__ACTION ITEM__.
Since the records include pictures, leave those out while you reproduce exactly and only the lines from the one containing "car insurance car" through the one containing "上海优酷亚克力营销型网站", inclusive.

__DATASET__.
────────────────
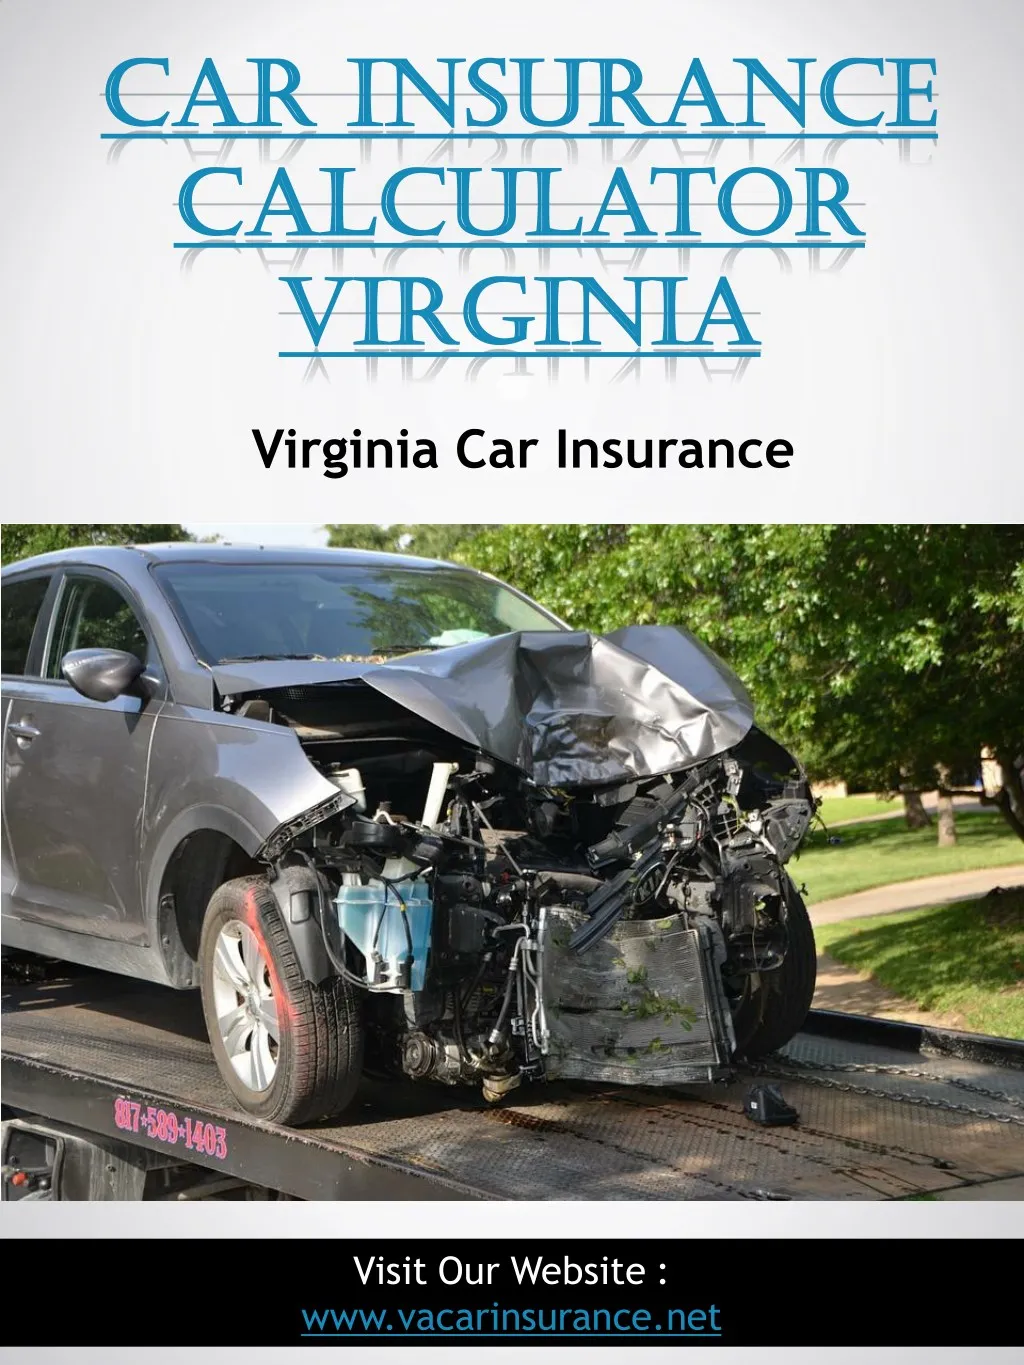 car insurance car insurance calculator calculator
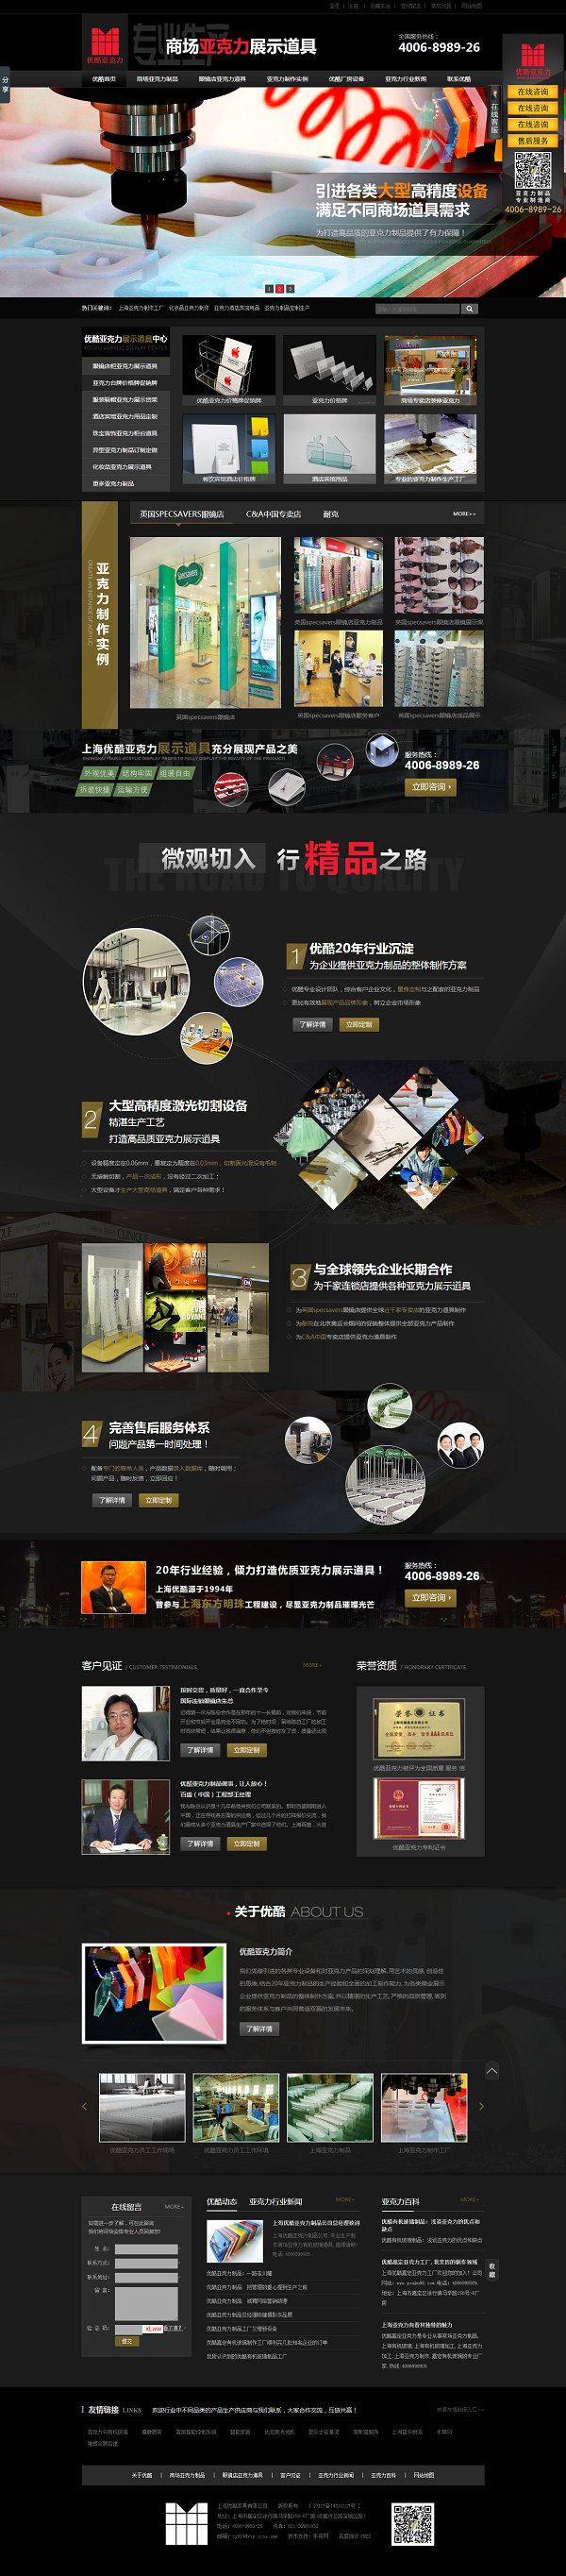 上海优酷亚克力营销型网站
────────────────
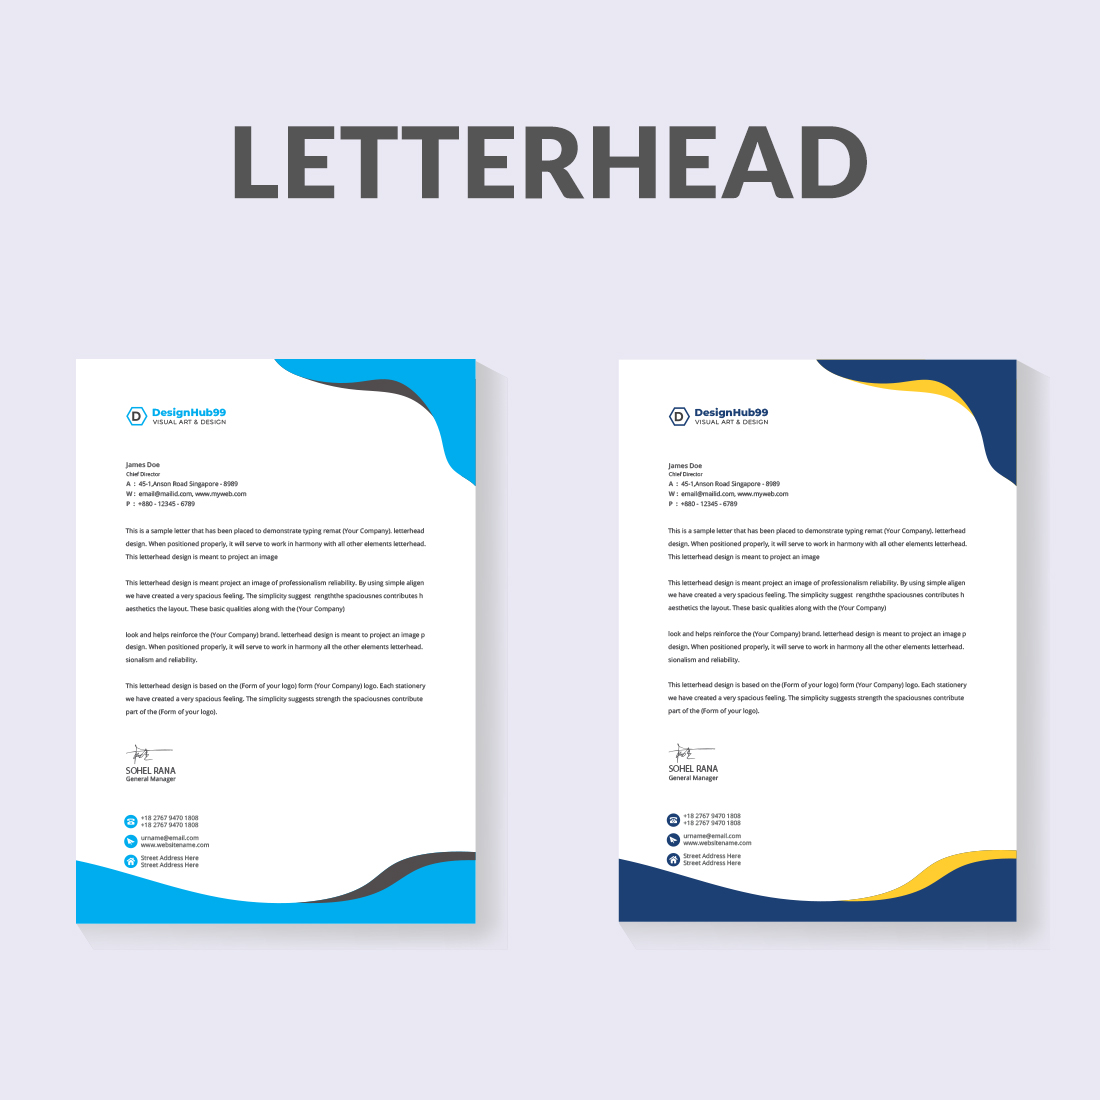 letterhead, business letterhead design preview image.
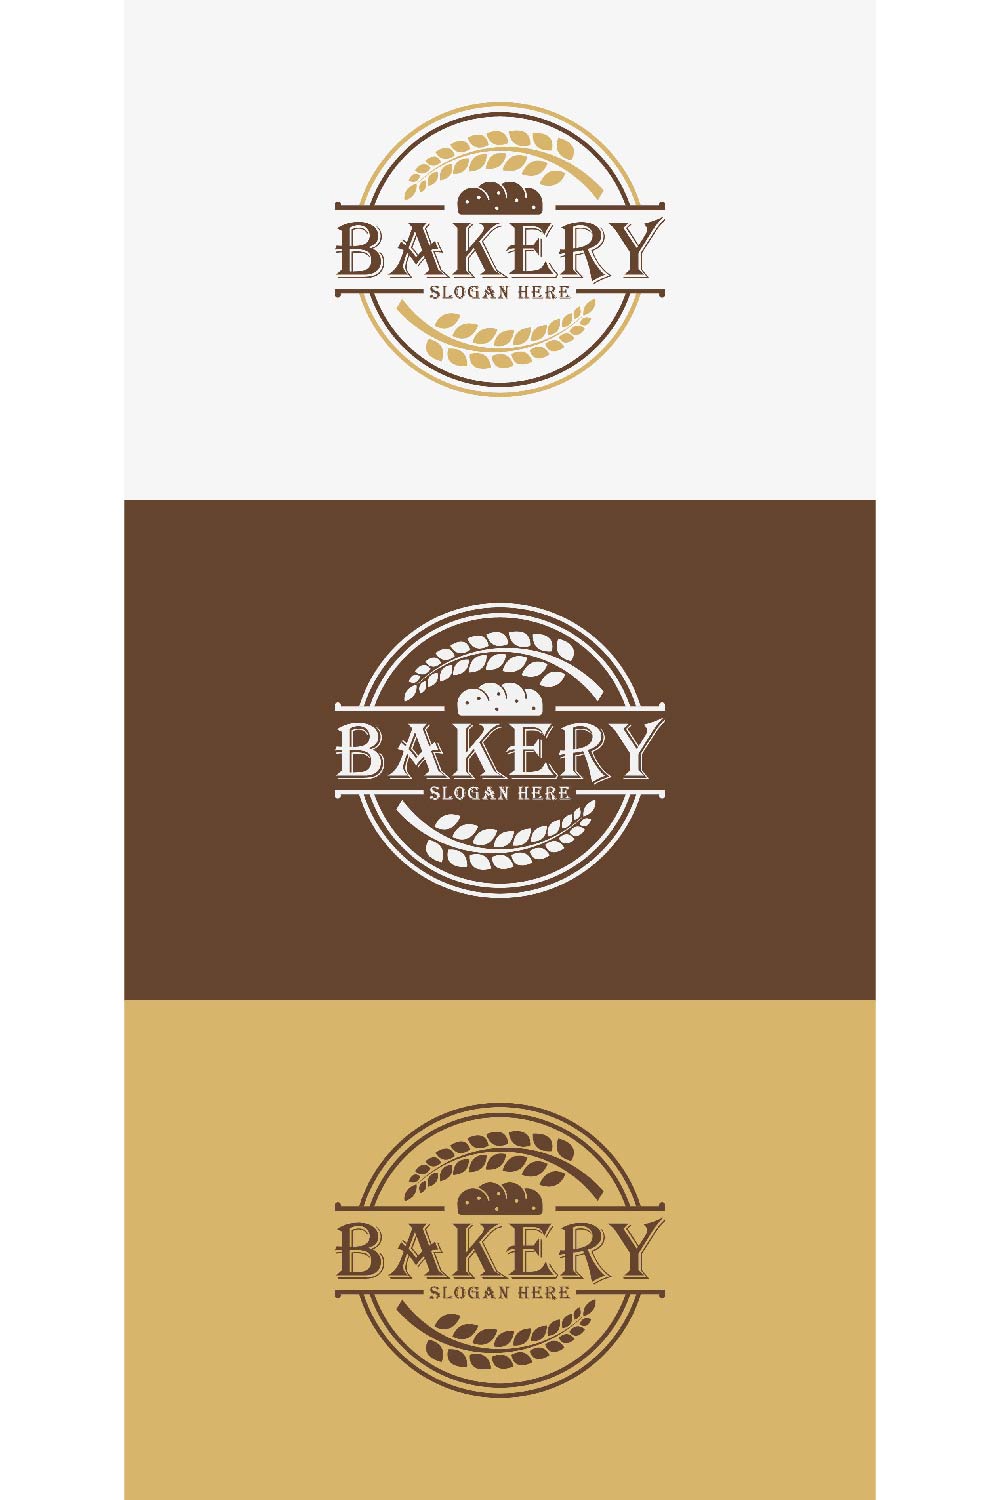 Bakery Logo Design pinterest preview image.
────────────────
__THE COMPLETED TASK__.
 car insurance car insurance calculator calculator
 上海优酷亚克力营销型网站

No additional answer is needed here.